04Which is safer — WEX or PAYO?
By beta (market sensitivity over 5 years), WEX Inc.
(WEX) is the lower-risk stock at 1. 16β versus Payoneer Global Inc. 's 1. 65β — meaning PAYO is approximately 42% more volatile than WEX relative to the S&P 500. On balance sheet safety, Payoneer Global Inc. (PAYO) carries a lower debt/equity ratio of 10% versus 4% for WEX Inc. — giving it more financial flexibility in a downturn.
05Which is growing faster — WEX or PAYO?
By revenue growth (latest reported year), Payoneer Global Inc.
(PAYO) is pulling ahead at 7. 7% versus 1. 2% for WEX Inc. (WEX). On earnings-per-share growth, the picture is similar: WEX Inc. grew EPS 12. 9% year-over-year, compared to -38. 7% for Payoneer Global Inc.. Over a 3-year CAGR, PAYO leads at 18. 8% annualised revenue growth. Higher growth typically commands a higher valuation multiple — check whether the premium P/E or P/S is justified by the growth rate using the PEG ratio.
06Which has better profit margins — WEX or PAYO?
WEX Inc.
(WEX) is the more profitable company, earning 11. 4% net margin versus 7. 0% for Payoneer Global Inc. — meaning it keeps 11. 4% of every revenue dollar as bottom-line profit. Operating margin tells a similar story: WEX leads at 25. 4% versus 11. 8% for PAYO. At the gross margin level — before operating expenses — PAYO leads at 78. 1%, reflecting greater pricing power or product mix advantage. Stronger margins indicate durable pricing power, lower cost of revenue, or higher mix of software/services. They are one of the clearest signs of business quality.
07Is WEX or PAYO more undervalued right now?
On forward earnings alone, WEX Inc.
(WEX) trades at 7. 4x forward P/E versus 20. 4x for Payoneer Global Inc. — 13. 0x cheaper on a one-year earnings basis. Analyst consensus price targets imply the most upside for PAYO: 48. 2% to $7. 50.
08Which pays a better dividend — WEX or PAYO?
None of the stocks in this comparison currently pay a material dividend.

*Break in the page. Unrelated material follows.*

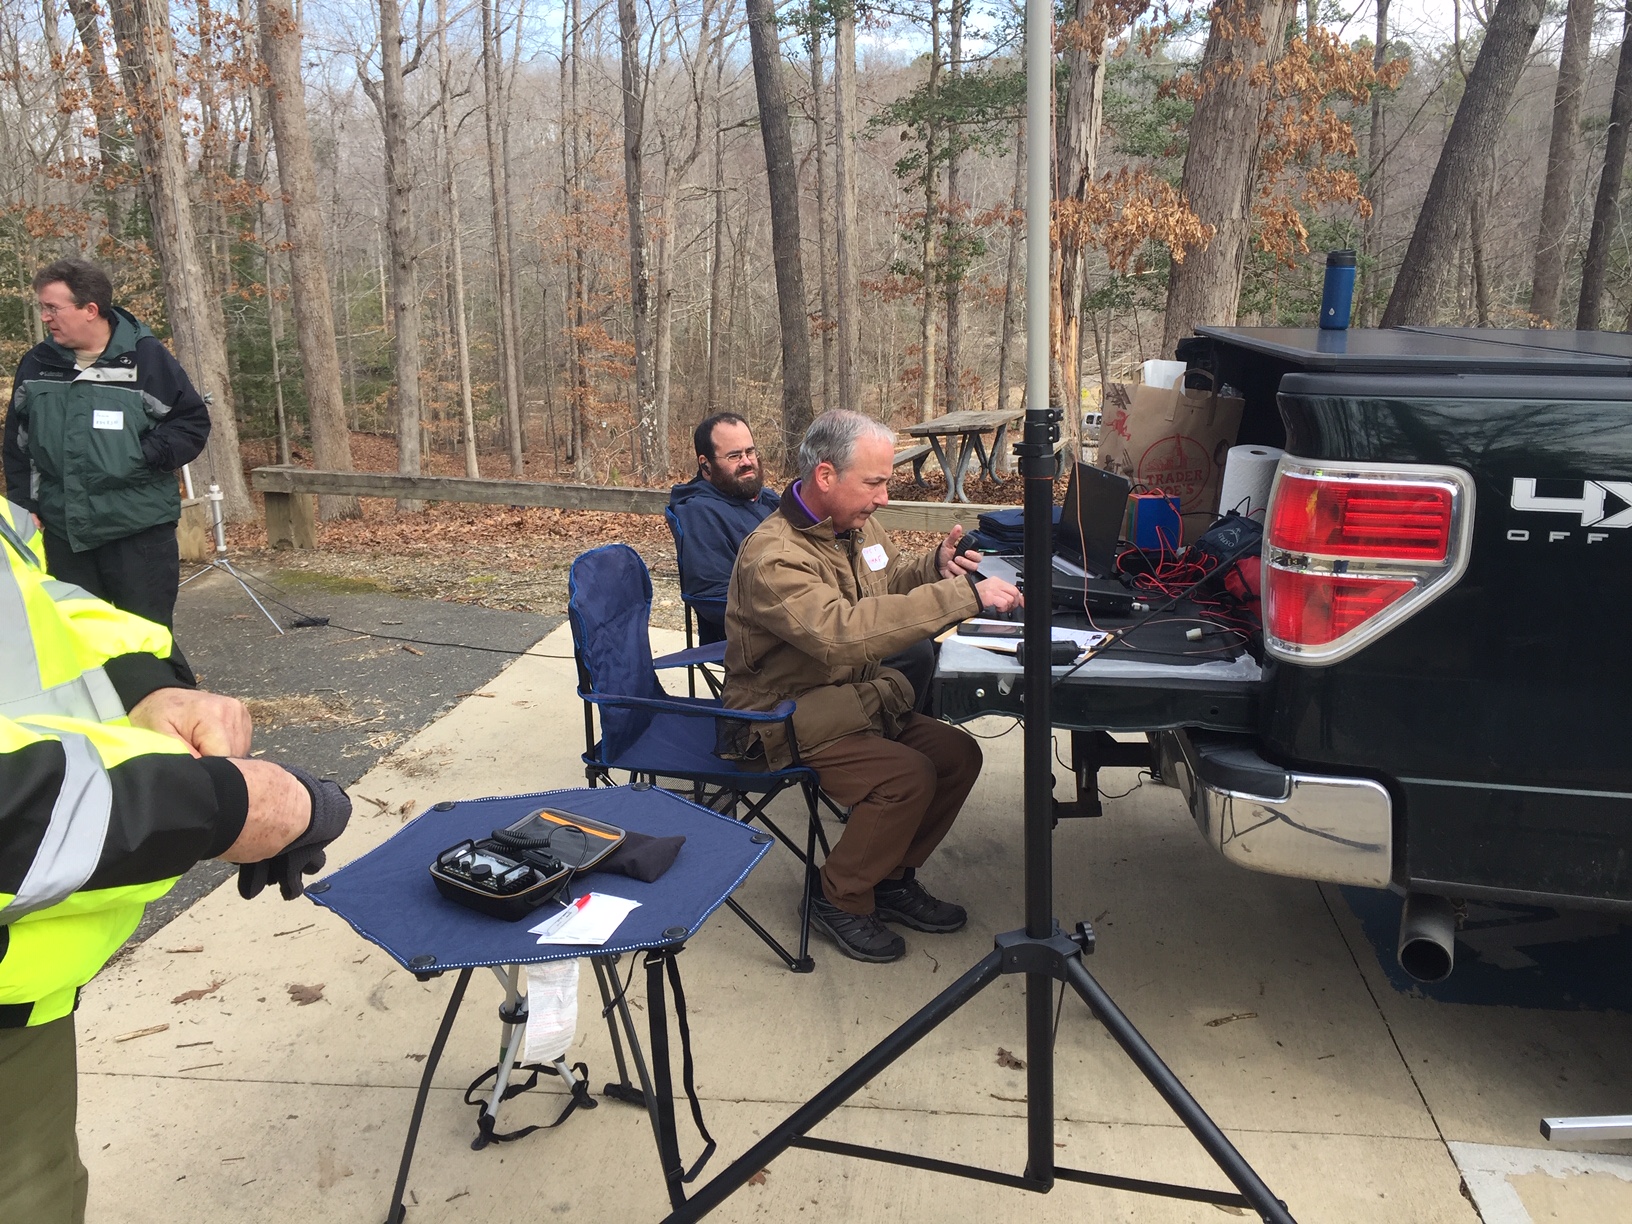 Club member Mike Friedman W4MAF operates a radio at the club's POTA activation in February 2022 at Pocahontas State Park

All are effectively zero-yield and should be held for capital appreciation rather than income.
09Is WEX or PAYO better for a retirement portfolio?

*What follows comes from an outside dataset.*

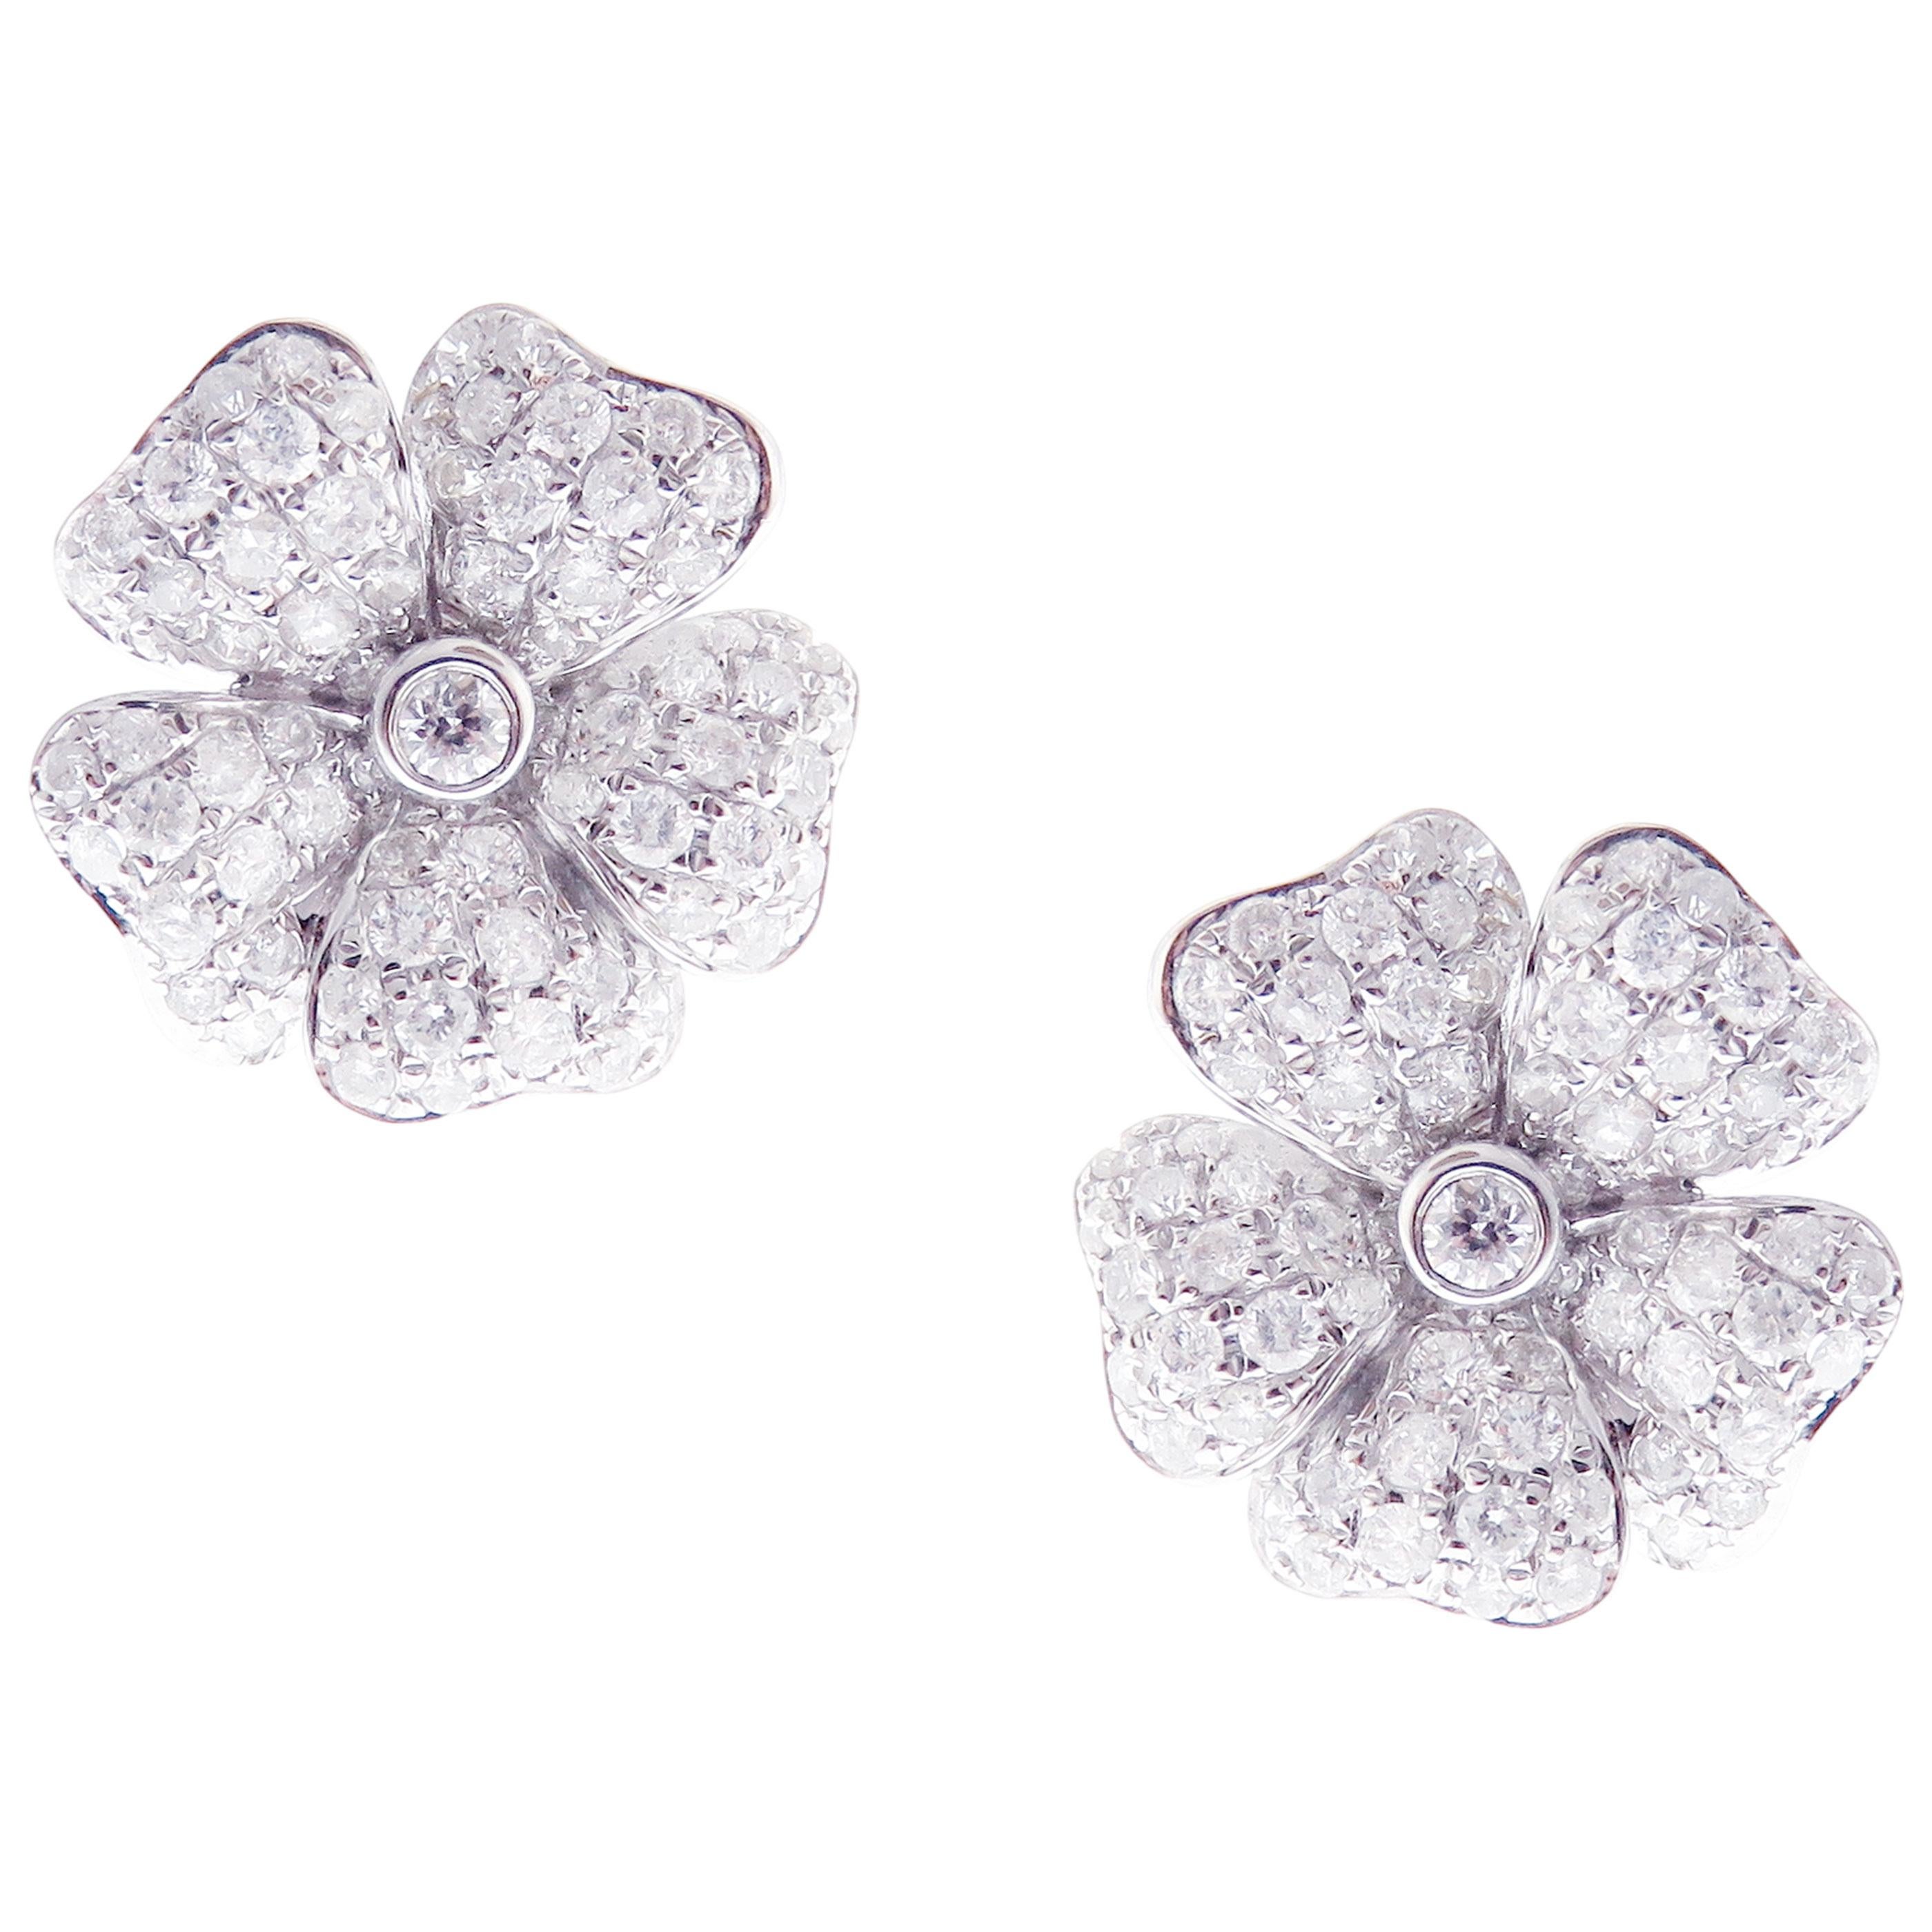 This medium diamond classic pave five petals flower earring is crafted in 18-karat white gold, featuring 144 round white diamonds totaling of 1.14 carats. 
Approximate total weight 4.30 grams.
These earrings come with push back post backings.
SI-G

For long-horizon retirement investors, WEX Inc.
(WEX) is the stronger choice — it scores higher on the combination of lower volatility, dividend reliability, and long-term compounding (low volatility (β 1. 16)). Payoneer Global Inc. (PAYO) carries a higher beta of 1. 65 — meaning larger drawdowns in market downturns, which matters significantly when you cannot wait years for a recovery. Both have compounded well over 10 years (WEX: +60. 9%, PAYO: -47. 7%), confirming both are viable long-term holds — but the lower-volatility option typically results in less emotional selling during corrections. Retirement portfolios generally favour predictability over maximum returns. Consult a financial advisor before making allocation decisions.
10What are the main differences between WEX and PAYO?

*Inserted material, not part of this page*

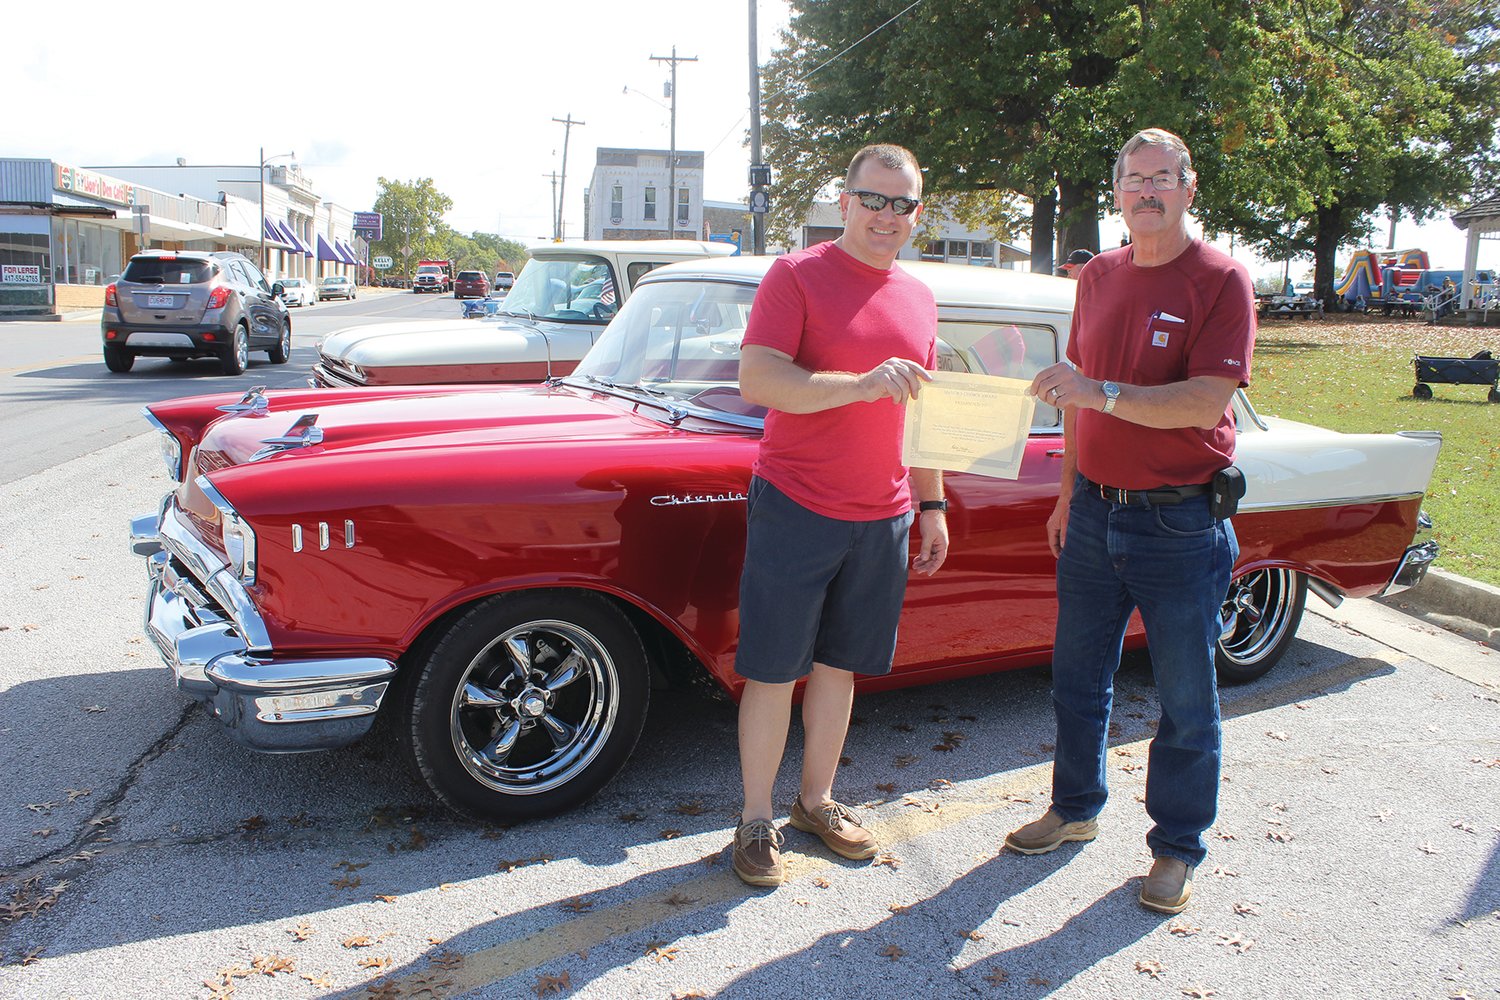 City of Mansfield Mayor Blake Miller presents the Mayor’s Choice Award to Gary Corder in front of Corder’s 1957 Chevy.

Both stocks operate in the Technology sector, making this a peer-level intra-sector comparison — the same macro tailwinds and headwinds will affect both.
In terms of investment character: WEX is a small-cap deep-value stock; PAYO is a small-cap quality compounder stock. These fundamental differences mean investors should not choose between them on a single metric — the "better stock" depends entirely on which of these characteristics aligns with your investment strategy.